Hakan actually grinned, though the expression was a little wobbly around the edges. "Well, what could I do? Miri was in there, and you go walking up to the house, just as cool—with a
knife,
for—I thought at least I could, you know, create a diversion. Keep the guys who were outside busy, so they didn't decide to go in the house. Give you and Miri a chance to get out alive."

"You achieved your goal. You lived through the battle. You have found abilities inside you that you did not know were there. All of this is good, Hakan."

Val Con shifted uncertainly. "You asked me—I have never met a hero. I don't know what a hero feels like. I think that it doesn't matter how
many
men you kill. I think that only animals kill without sadness, even when there is no choice except to kill. I think—you have not been playing your guitar, Hakan. When I have been—troubled—before, I found it was—good—to play music. To let the music help—sort out what has happened."

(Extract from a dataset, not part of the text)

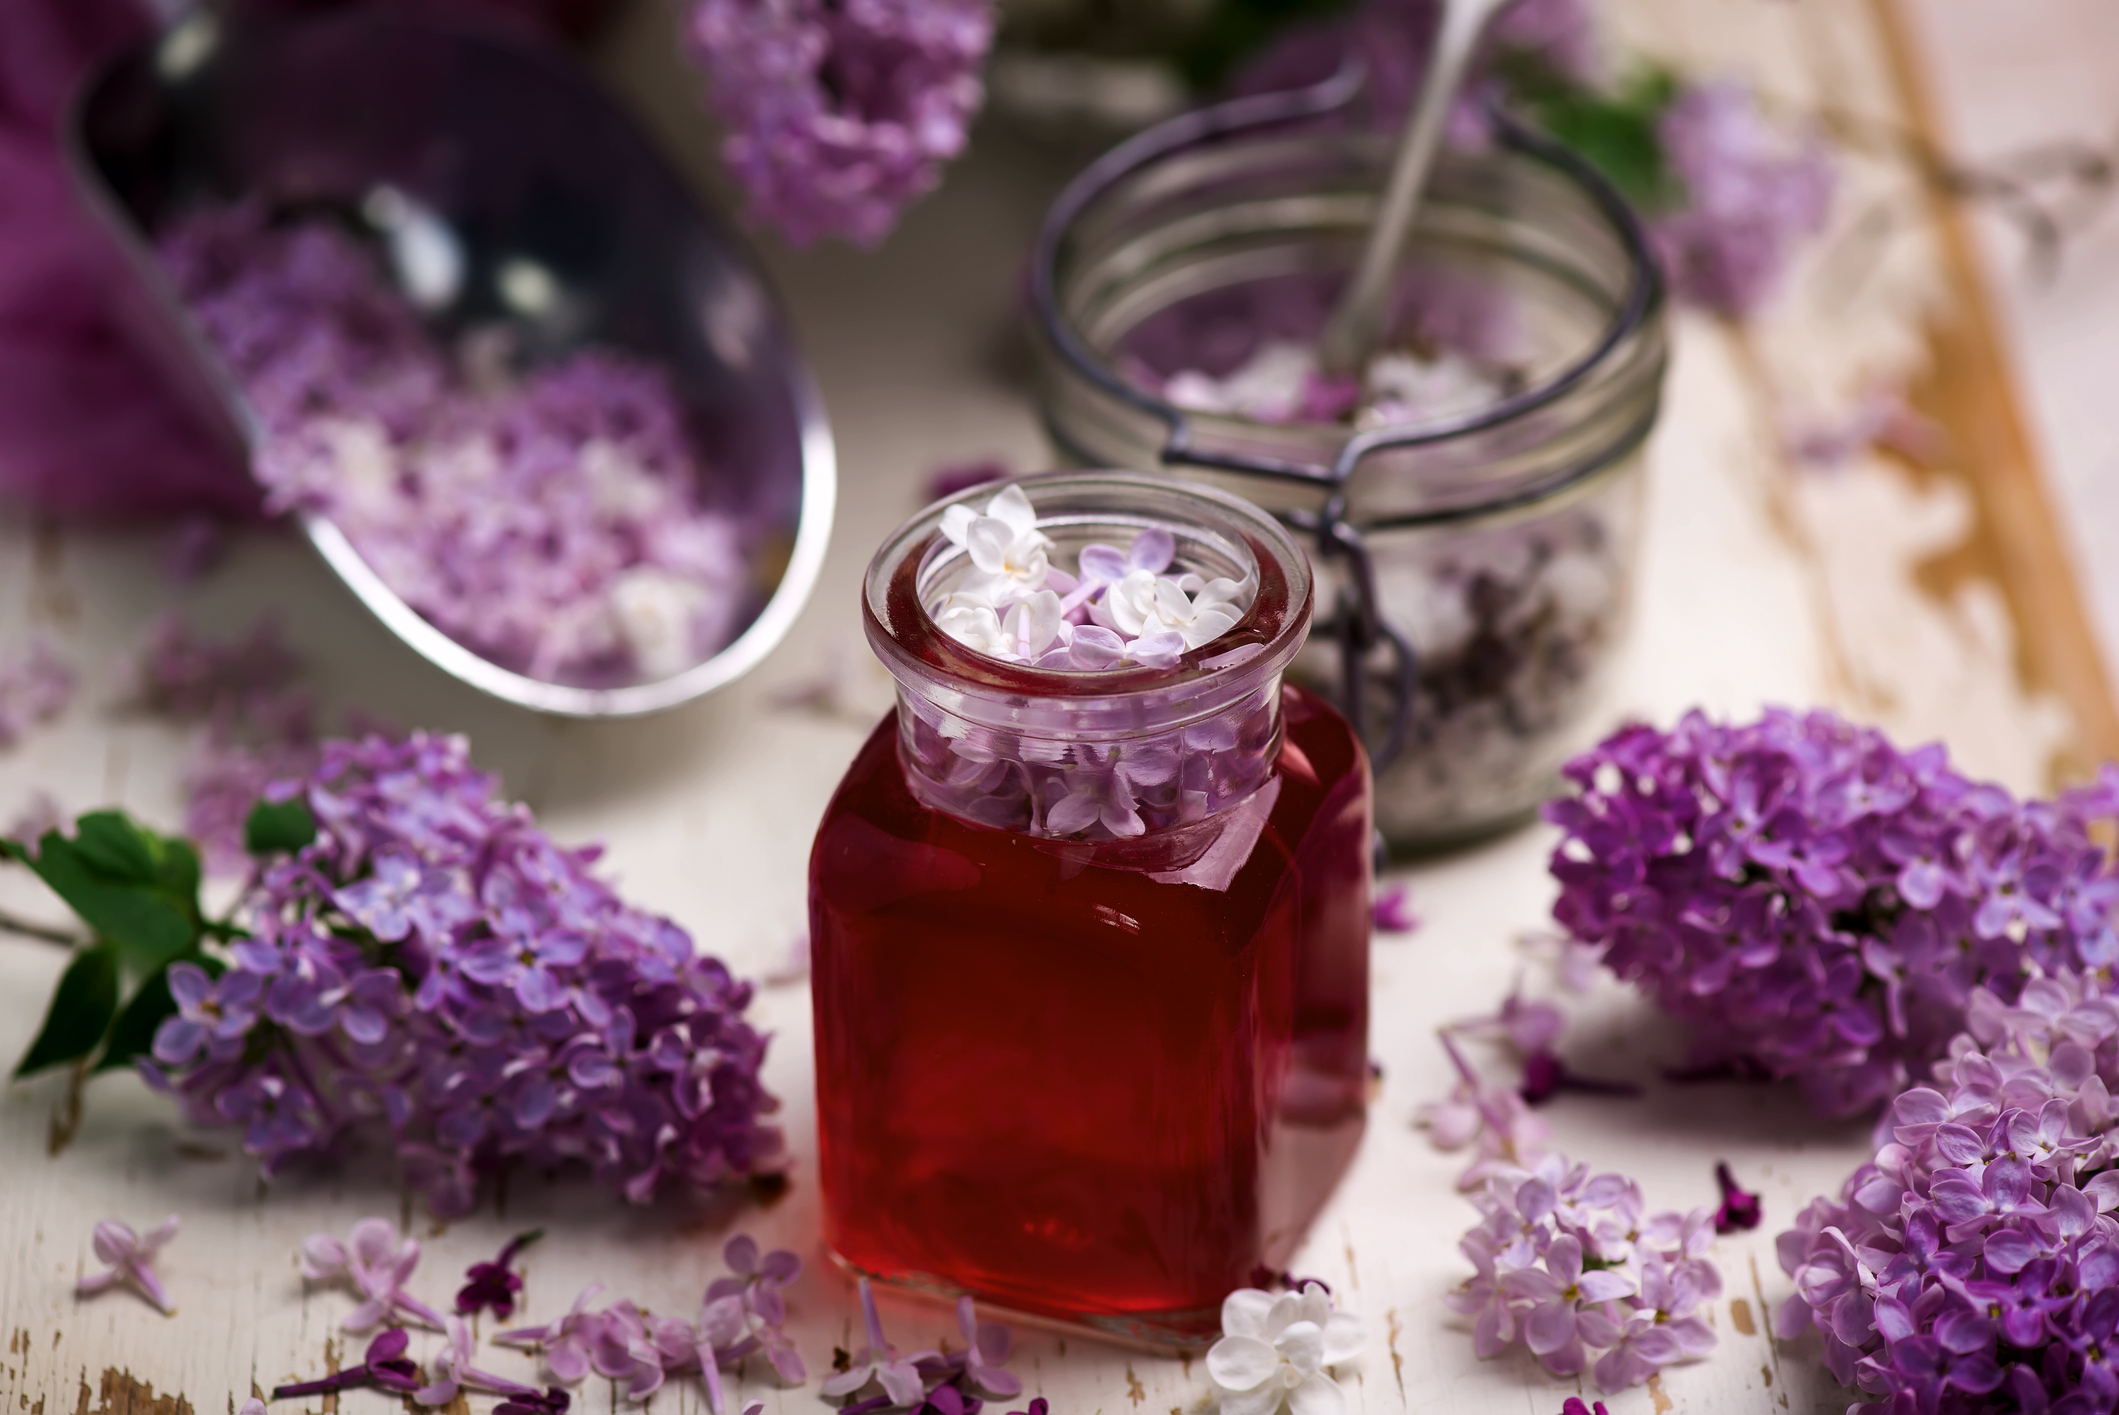 C’est la saison du lilas, profitez-en pour faire un délicieux sirop de lilas en suivant notre recette facile et rapide. Copyright (c) Zoryana Ivchenko/Istock.
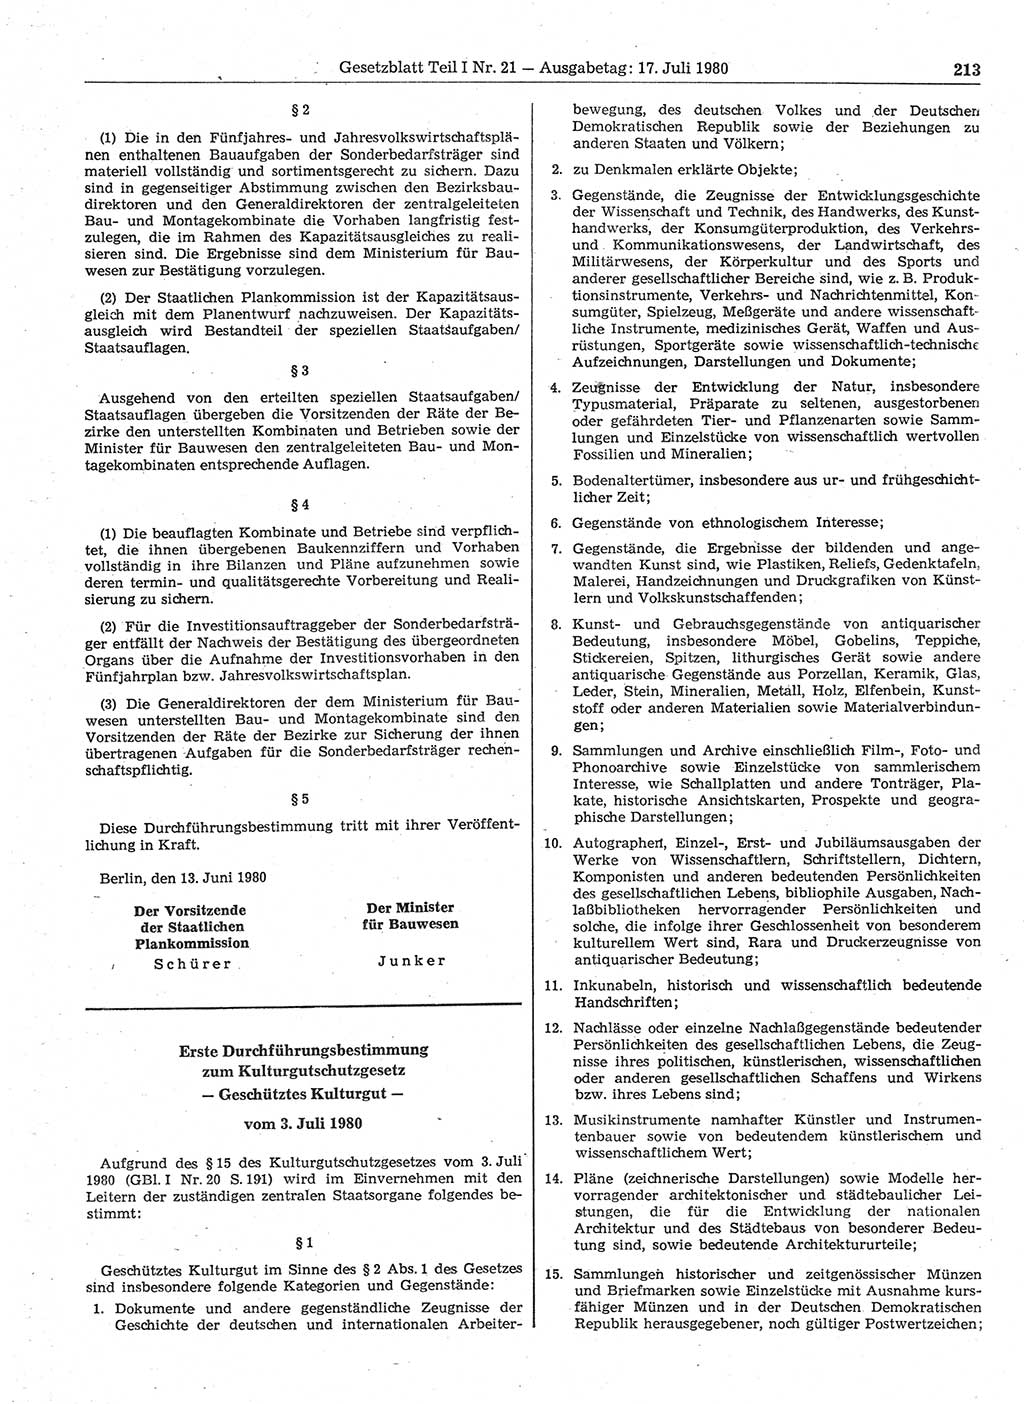 Gesetzblatt (GBl.) der Deutschen Demokratischen Republik (DDR) Teil Ⅰ 1980, Seite 213 (GBl. DDR Ⅰ 1980, S. 213)

"Neither one of us has been playing," Hakan agreed. "Might be a good idea—" He made a determined effort, and the grin this time was much better. "There's still Winterfair to practice for, you know." He tipped his head. "My father's got a council meeting tonight. I'll invite Kem over for dinner, and we can practice after, okay?"

Practice? Music? Panic was noted; was contained. "All right . . ."

Hakan was looking at him sharply. "Maybe we could slide by and pick up Miri, too. Bet she's ready to go bats, being cooped up in a house with Zhena Trelu and Zhena Brigsbee."

Miri? Something else was added to the panic and quickly suppressed. "I don't think so, Hakan, thank you."

There was a pause, the expression on the younger man's face unreadable. "Well, okay, man. If you change your mind, though . . ."

"Thank you, Hakan."

THE WIDE UNIVERSE

The courier ship flashed into existence at the edge of the system, broadcasting on all frequencies, then skipping back into hyperspace on the third repetition of its message.